1) How do I make an automatic cross fade/morph? What I want to do is hit a footswitch and have long delays slowly fade out, or hit a footswitch and slowly morph between two different tones. The only way I can find to do this is with the damping paramater in the modifiers, but it only goes up to 1 second. I would really like a crossfade of about 8-9 seconds. Is there another way to do this?

2) What EXACTLY is a "tone stack?" The manual seems to indicate that it has to do with the way the tone controls work. (ie: the amount of boost/cut that the tone controls can have) Does it have anything to do with the distortion or other things, or is it just about the tone controls?

Thanks!
 
Hey Mark,

Sadly, since I don't yet own an Axe myself, I can't answer the first question, but...

A tone stack is a factory-installed passive EQ section. Usually, tweaking one knob such as the bass knob will also affect other frequencies to a certain extent, in accordance to the severity of the one knob's tweak. Many of the vintage amps modeled in the Axe lack a mid knob, because the bass and treble knobs were meant to shape the midrange response in the original amps. So, basically, they act as factory-set EQ curves.

Hope that helps.
 
markyd said:
Hello all,
1) How do I make an automatic cross fade/morph? What I want to do is hit a footswitch and have long delays slowly fade out, or hit a footswitch and slowly morph between two different tones. The only way I can find to do this is with the damping paramater in the modifiers, but it only goes up to 1 second. I would really like a crossfade of about 8-9 seconds. Is there another way to do this?

If you only need to crossfade from sound A to B (not back again within the same preset) and don't mind hitting a second switch after those 8-9 seconds it can be done by triggering the sequencer. An LFO could probably be used too. Otherwise you'd pretty much have to do it manually with a pedal or find a controller that can send a gradual string of CC values.

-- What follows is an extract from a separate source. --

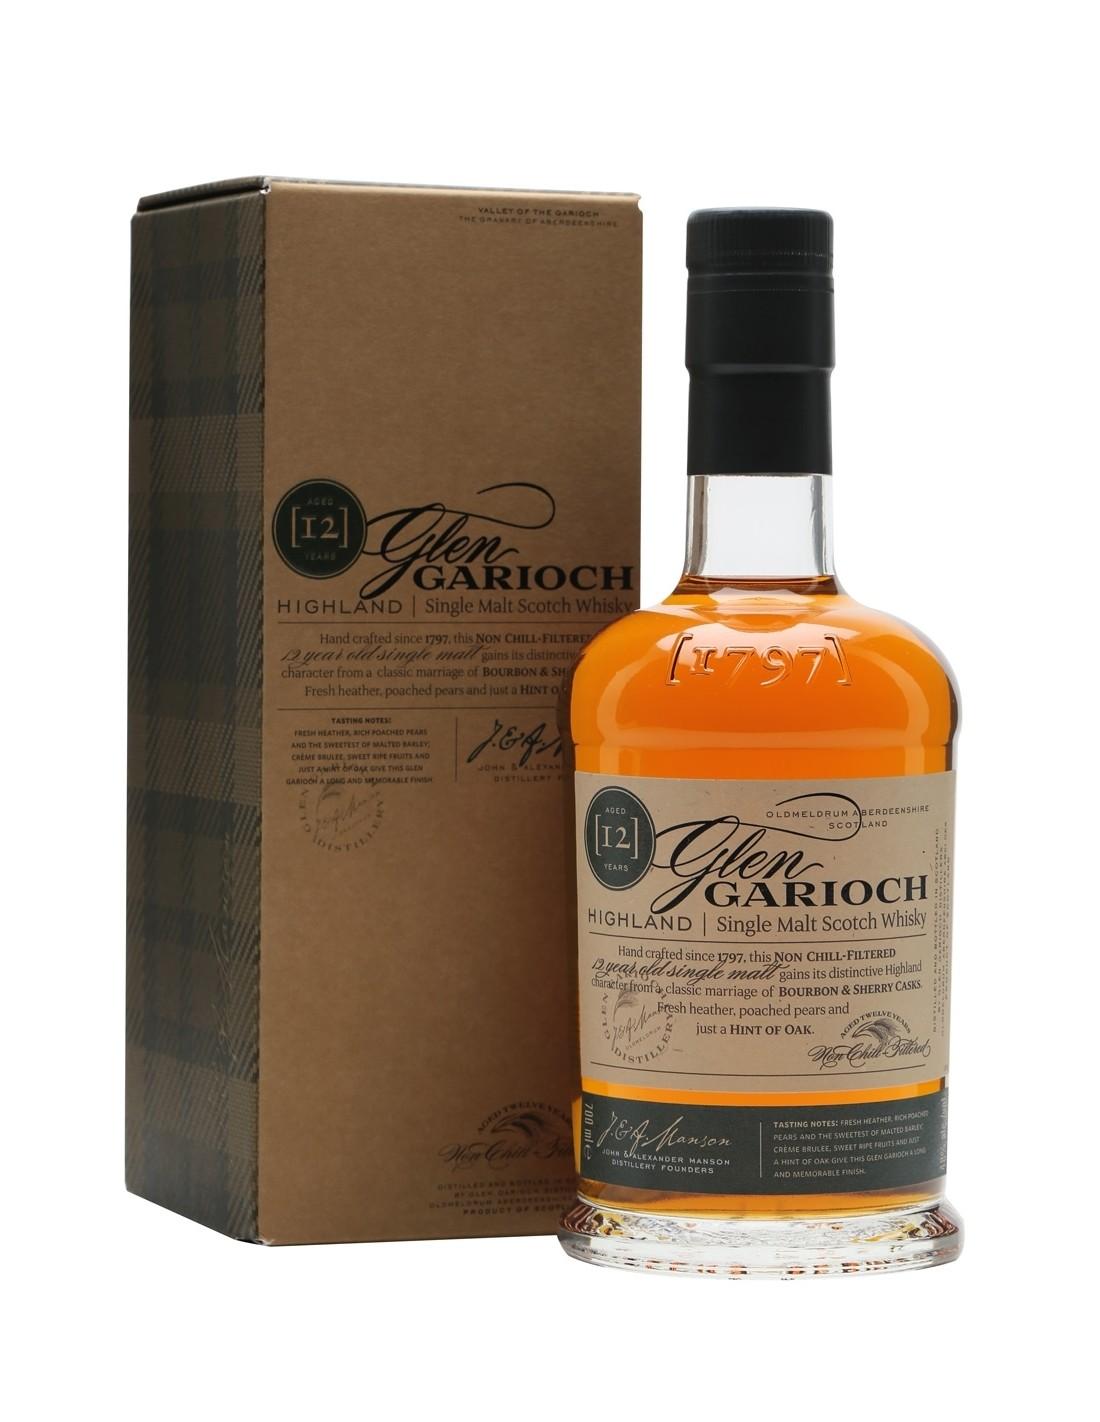 Whisky Glen Garioch, 12 ani, 48% alc., 1L, Scotia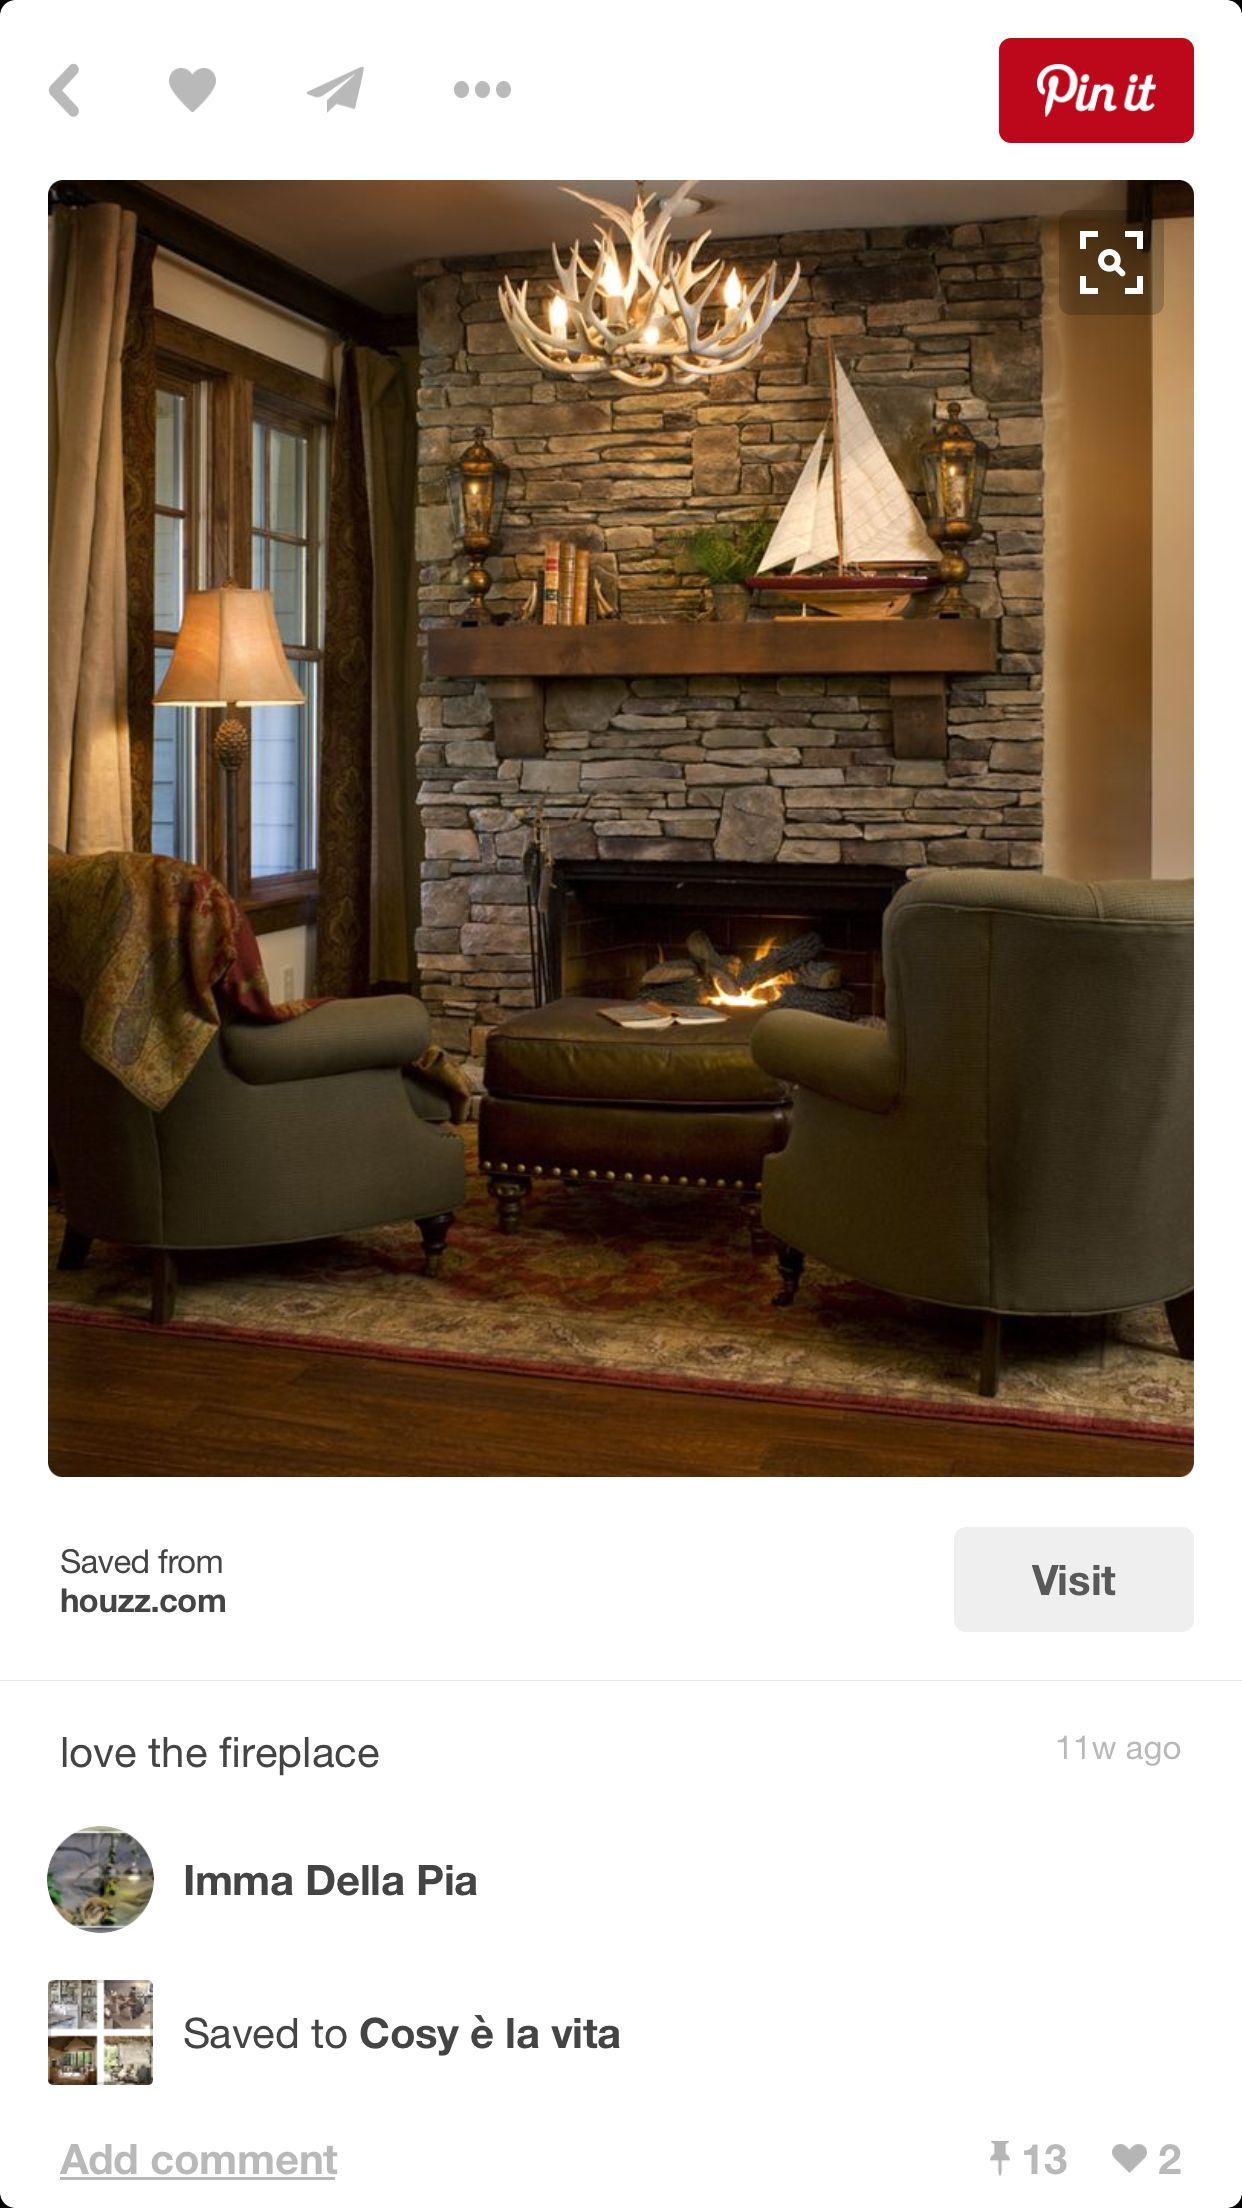 Campos estufas hogar chimenea dise o de chimenea y for Diseno de estufas hogar a lena

With the sequencer you can set it to something like 16 steps, rate just over 1 Hz, values increasing in steps of 10% and have it sit at 100% for the last 6 steps. Place a volume block in each signal chain and assign seq to turn chain B up and chain A down; use 1000 ms damping. Assign one switch to sequencer run control and a second switch to bypass both volume blocks. You'll want them engaged before/during the crossfade. Use mute bypass mode for the vol. block in chain A, thru bypass mode for the one in chain B. Now you can be playing sound A, hit switch 1 and get the 8-9 second crossfade, then hit switch 2 within the next 4-5 seconds before the sequencer restarts. If you wait too long you'll hear it fade back quickly to A (then B gradually again) but whenever you hit it you'll hear sound B regardless of what the sequencer's doing. After that you can always stop the sequencer and switch back to sound A; it will just be instant instead of a crossfade.